New York, New York (PRWEB) May 12, 2016

Body Labs (bodylabs.com), the provider of the world's most advanced technology for analyzing the human body's shape, pose and motion, announced today that Michael J. Black, Body Labs co-founder and board member, will be inducted as a foreign member of the Royal Swedish Academy of Sciences.

Black — who pioneered the creation of a statistical model of human shape and pose, which fuels Body Labs' predictive body shape analytics platform — was elected last year to the Academy responsible for awarding the Nobel Prize in Physics and Chemistry. He was inducted on May 11, 2016.

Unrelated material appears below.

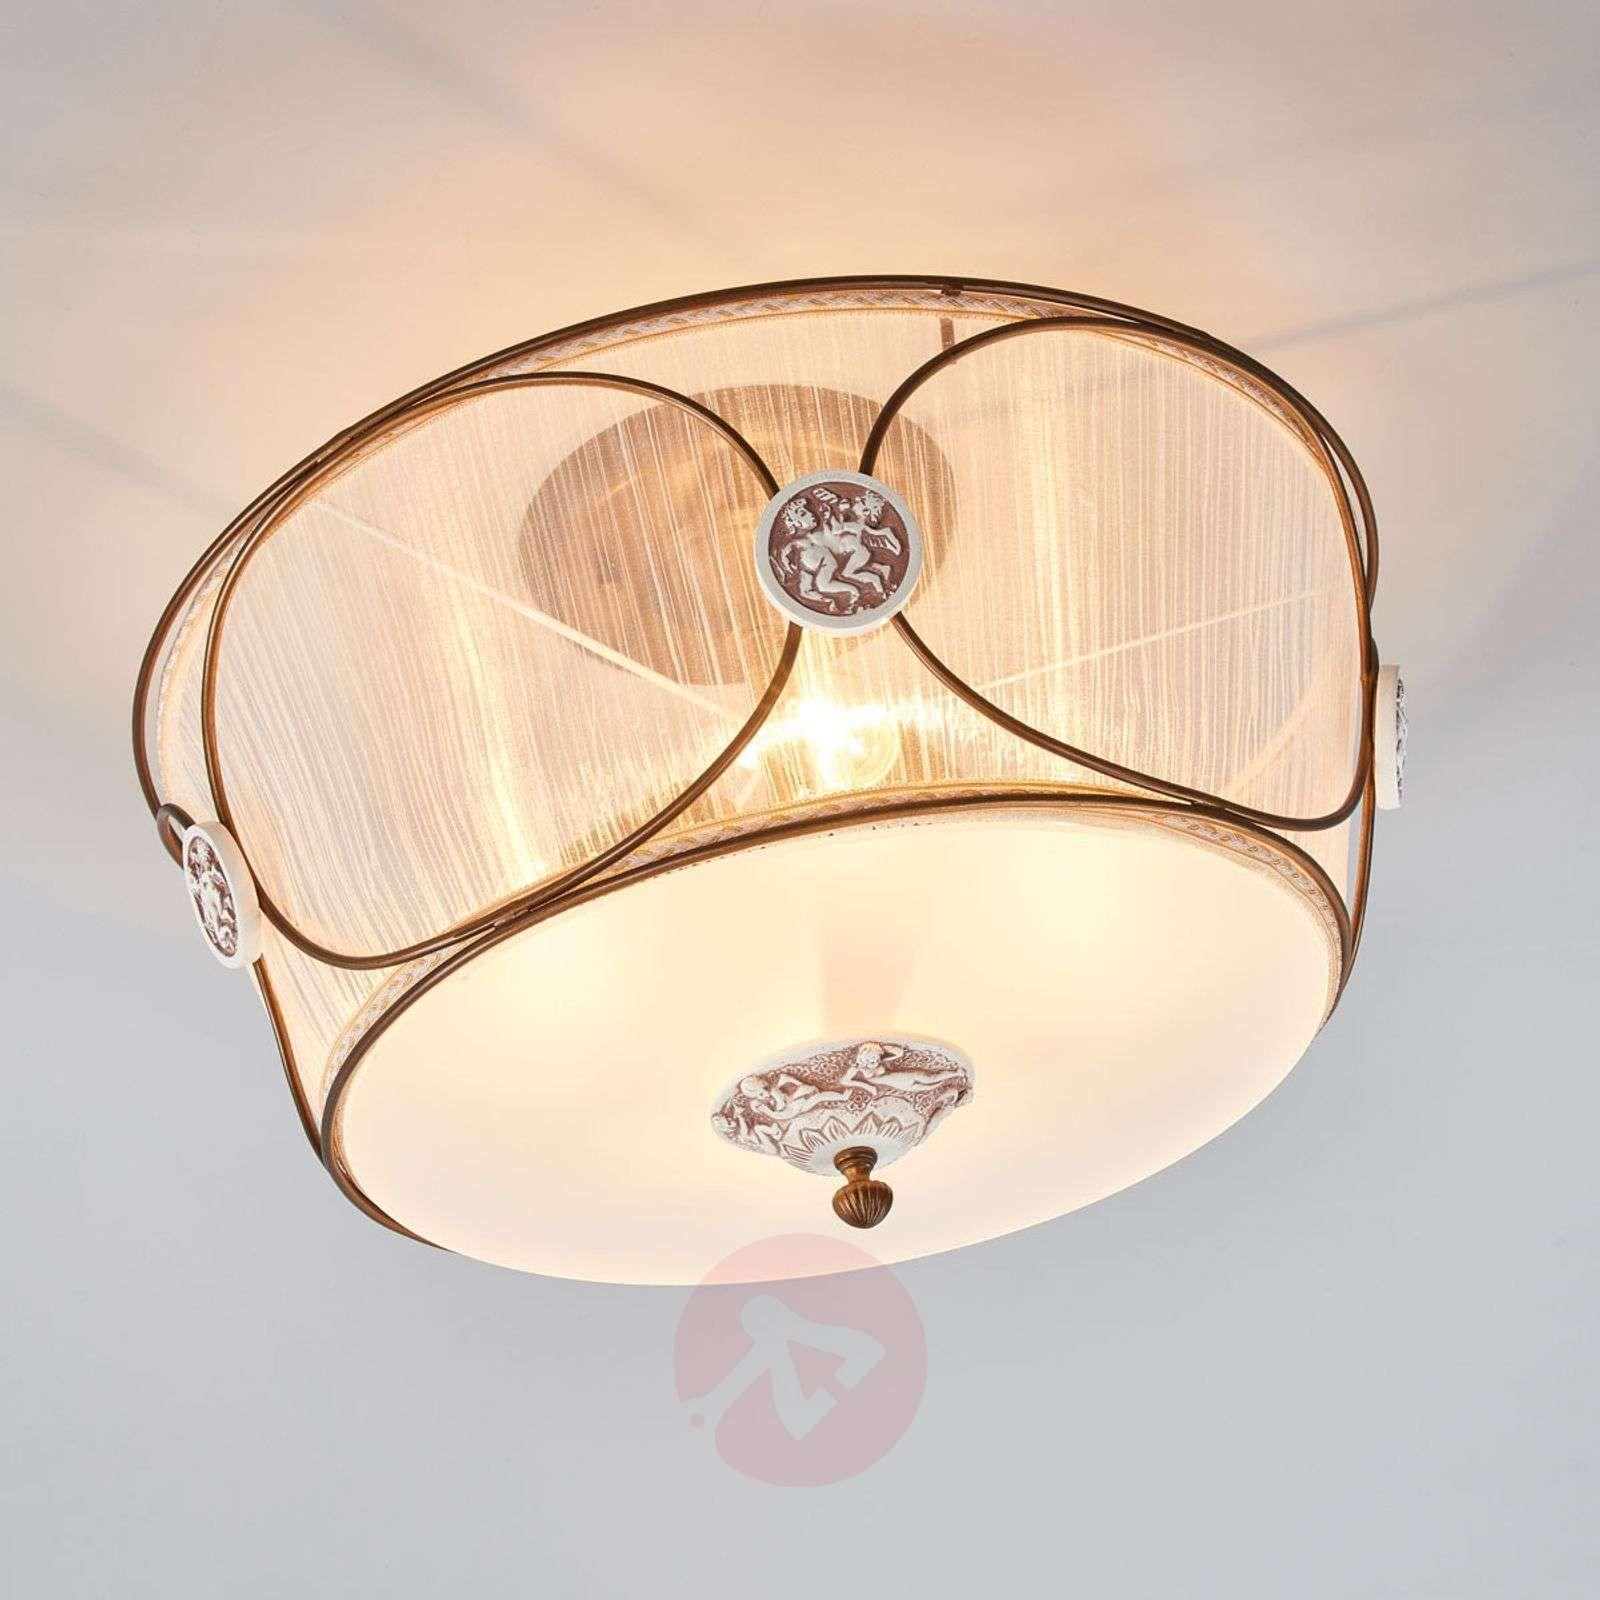 Lampa Sufitowa Leitizia Z Anielskim Motywem Lampy Sufitowe

Founded in 1739, the Royal Swedish Academy of Sciences objective is to promote the influence of the sciences in society. In addition to the Nobel Prize, every year the Academy also awards the Sveriges Riksbank Prize in Economic Sciences, the Crafoord Prize and a number of other large prizes. This prestigious appointment recognizes Black's record of scholarship, including fundamental contributions in optical flow estimation, neural prosthetics, and human shape and motion analysis.

"This appointment is a great honor, and I am pleased to receive this recognition from the Royal Swedish Academy of Sciences," said Michael J. Black, Body Labs co-founder and board member. "We believe that our research on computer vision and the human body's shape, pose and motion will power the next frontier in mass customization and product personalization."

Black is a founding director leading the Perceiving Systems Department at the Max Planck Institute for Intelligent Systems. Body Labs continues to have exclusive licenses to technology developed initially by Black's group while a professor at Brown University and then later at the Max Planck Institute. This technology includes the statistical model of the human body — which contains machine learning algorithms and the world's most robust database of human shape and pose — to accurately digitize 3D body shape referencing third-party 3D scans or physical measurements.

Black's research on optical flow has been used in Hollywood films including the Academy Award winning effects in "What Dreams May Come" and "The Matrix Reloaded." Black is also the recipient of the 2010 Koenderink Prize for Fundamental Contributions in Computer Vision and the 2013 Helmholtz Prize. His work has received an Honorable Mention for the Marr Prize in 1999 and 2005. Black's work has won several paper awards including the IEEE Computer Society Outstanding Paper Award (CVPR'91) and has also contributed to several influential datasets including the Middlebury Flow dataset, HumanEva, and the Sintel dataset.